江偏以找了两块薄薄的小木板,先将林则的伤口稍微固定了一下,然后把他背起来,用绳子固定在自己身上。
江偏以力气很大,拽着绳子向上攀岩的时候,都没有一点乱晃乱动,也没有触碰到林则的伤腿,轻而易举的就爬上了地面。

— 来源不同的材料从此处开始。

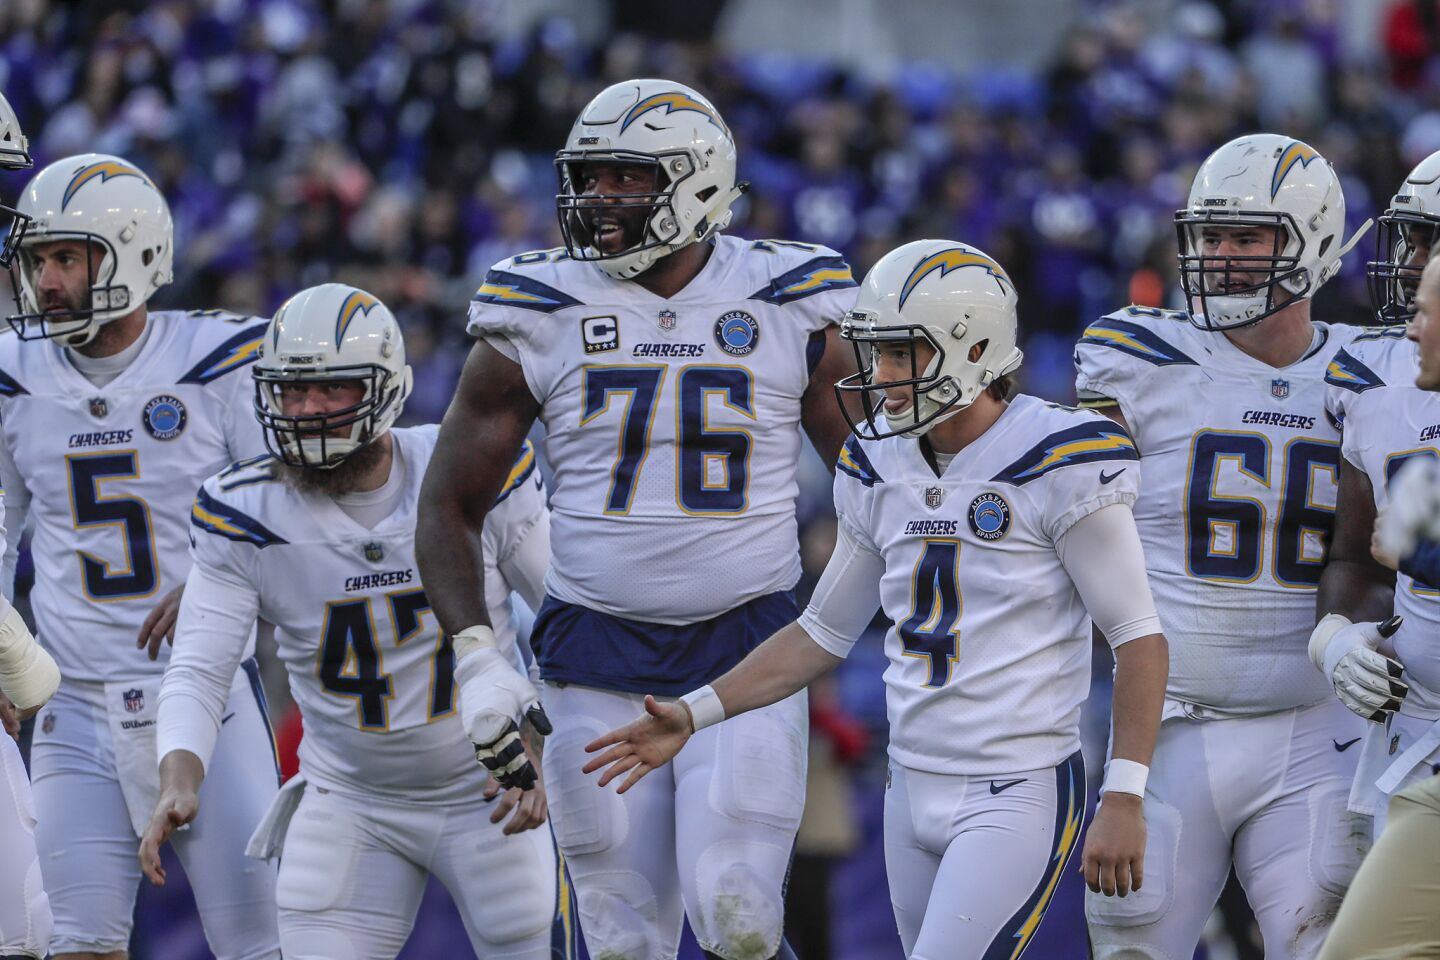 Chargers kicker Michael Badgley is congratulated by teammates after hitting a 34-yard field goal in the second quarter in the AFC wild-card playoff game.
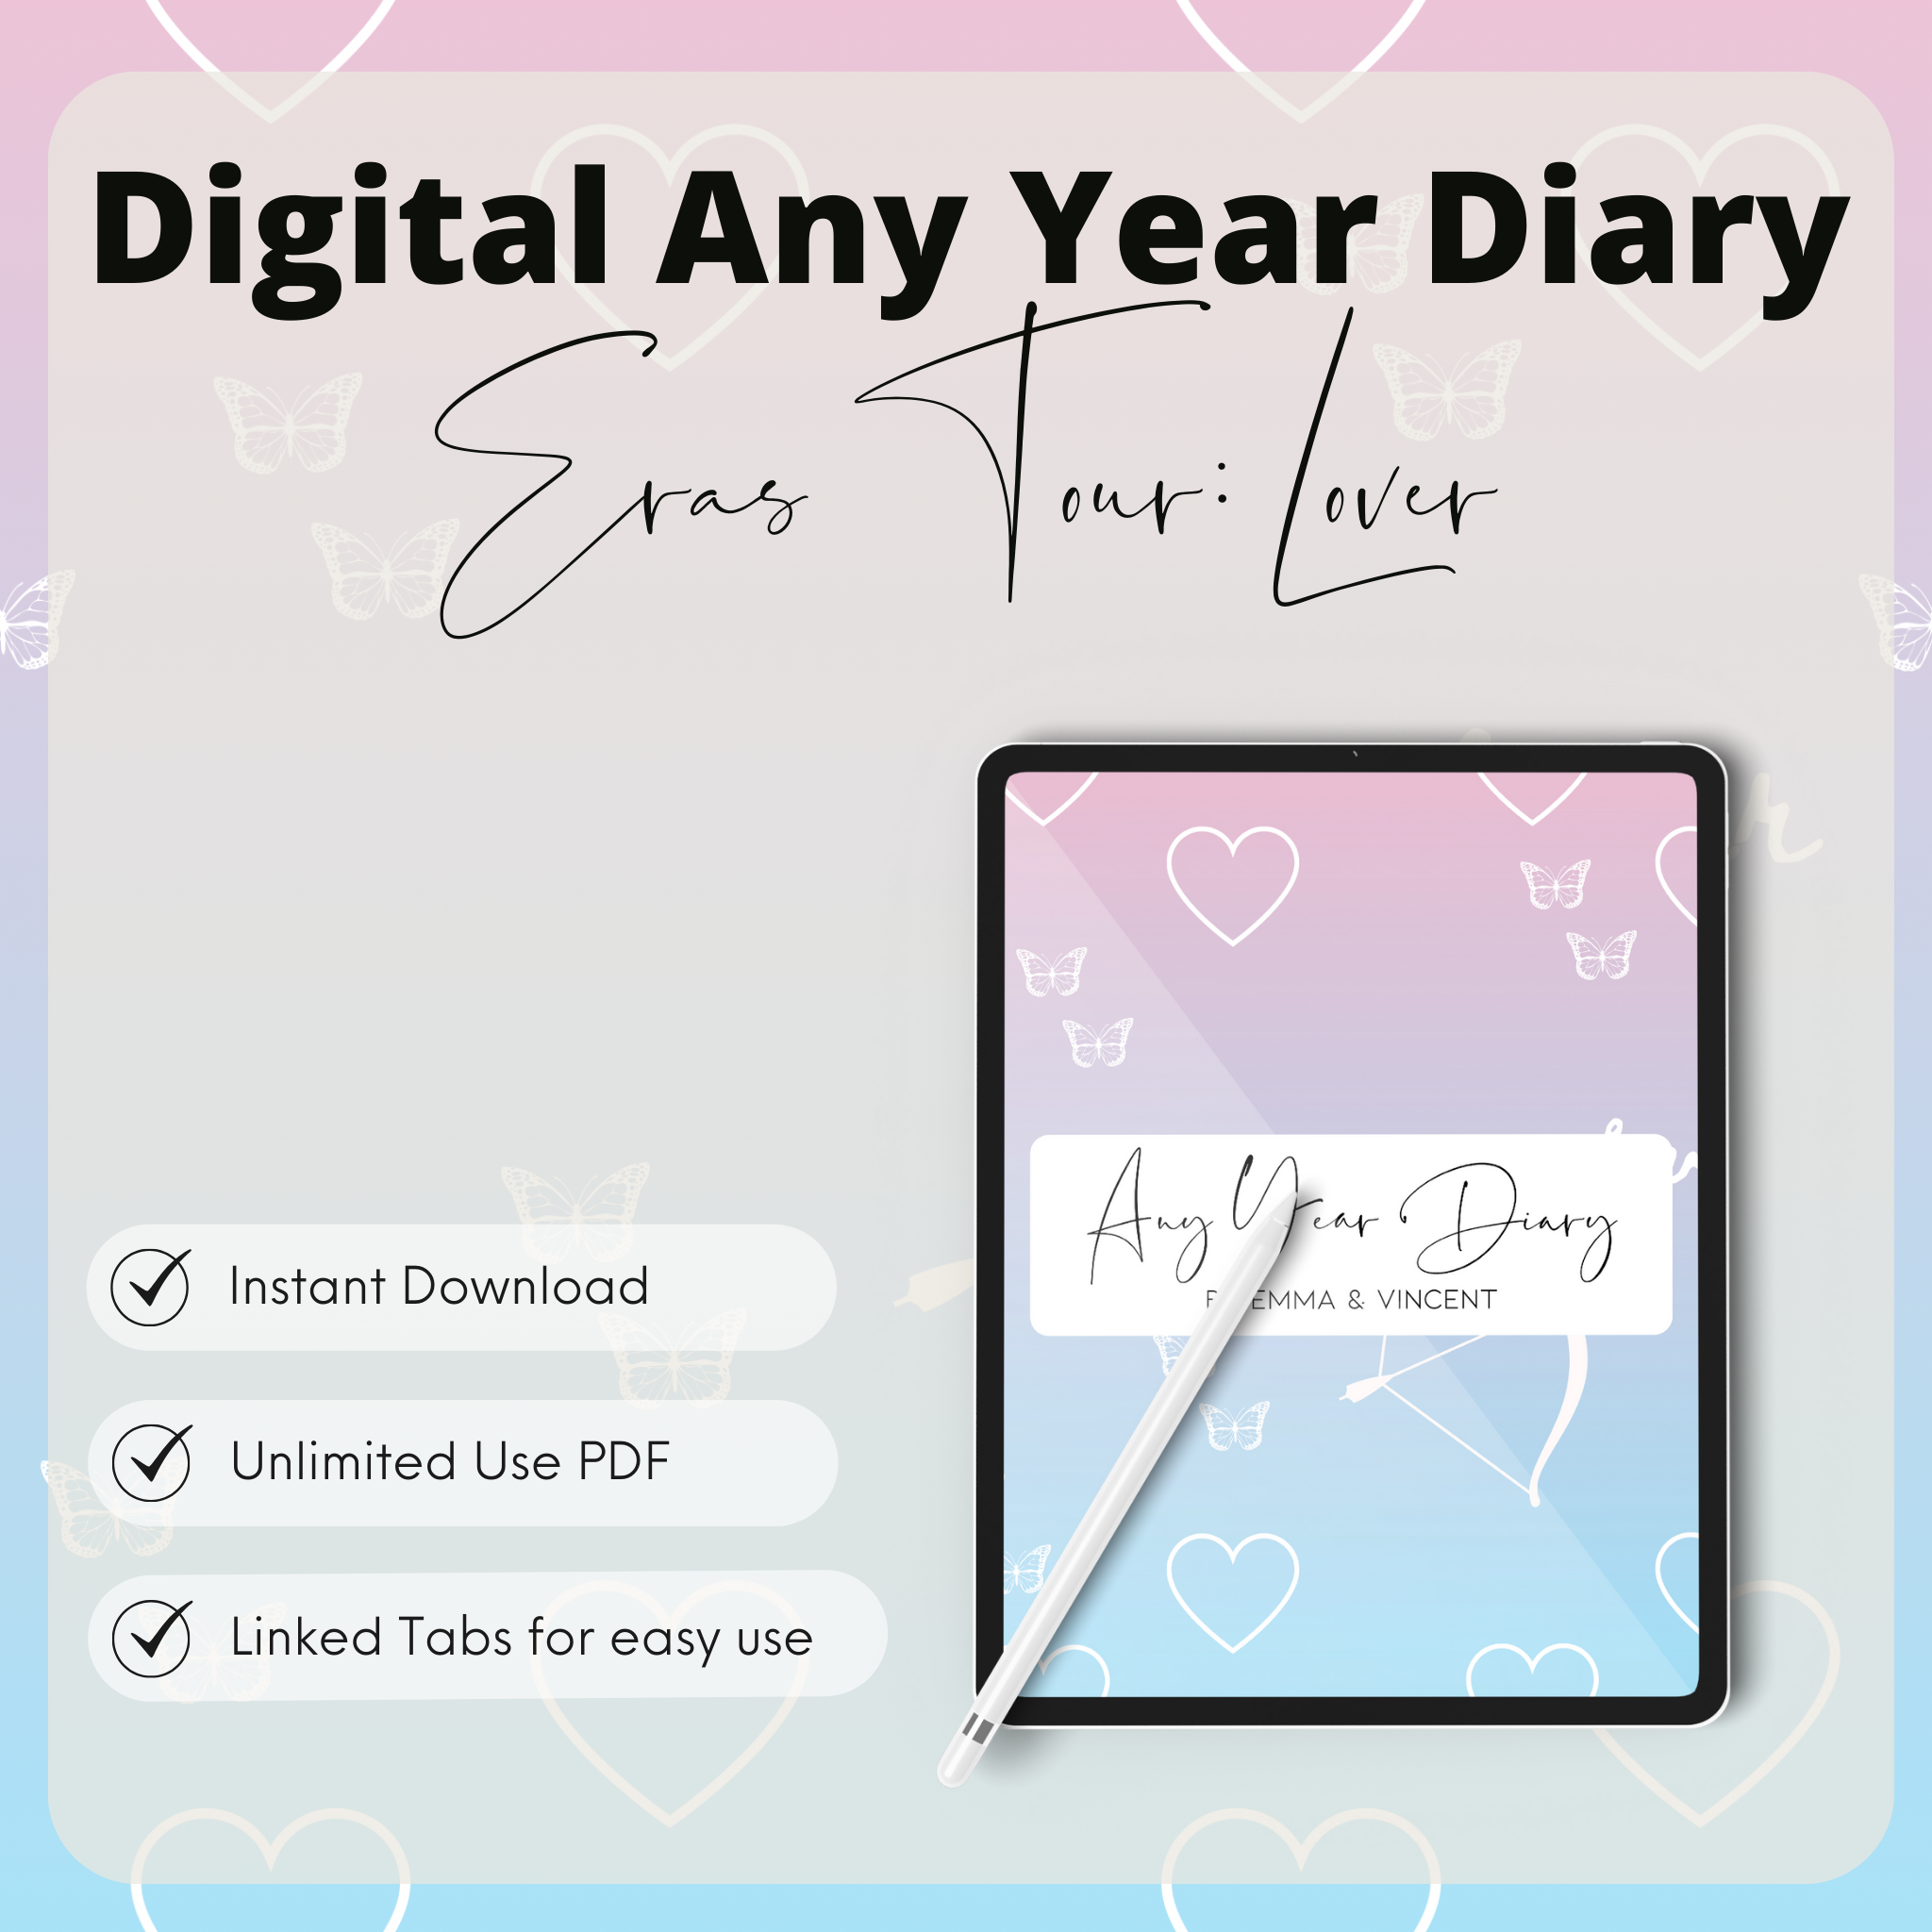 DIGITAL ANY YEAR DIARY (Lover Print - The Eras Tour)

余白虽然很满意男人宽阔的脊背,但现在,他的怒火,已经不是简简单单的肉/体就能平复的了!
个狗东西!
把自己当成棋子,余白还可以忍。但是让他受伤,余白就忍不了了!
不能违背人设爆锤江偏以一顿也没关系,余白心说心理上倍受折磨,那才叫真正的痛苦。
他就要让江偏以愧疚至死!
少年好像疼得脱力了,俯趴在江偏以的肩膀上,动都没法动。
有些急促的、温热的呼吸,一道一道的喷在男人的脖颈处。他有些湿漉漉的脸颊,也直接搭在江偏以肩膀上。
这种情况,林则肯定是没办法自己走的。
于是,阚修竹就想让江偏以把人交给他,他来背林则下山。
“不用,我走的比你稳。”
江偏以直接拒绝了阚修竹的要求,冷漠的越过了阚修竹伸出来的手,率先走在前面。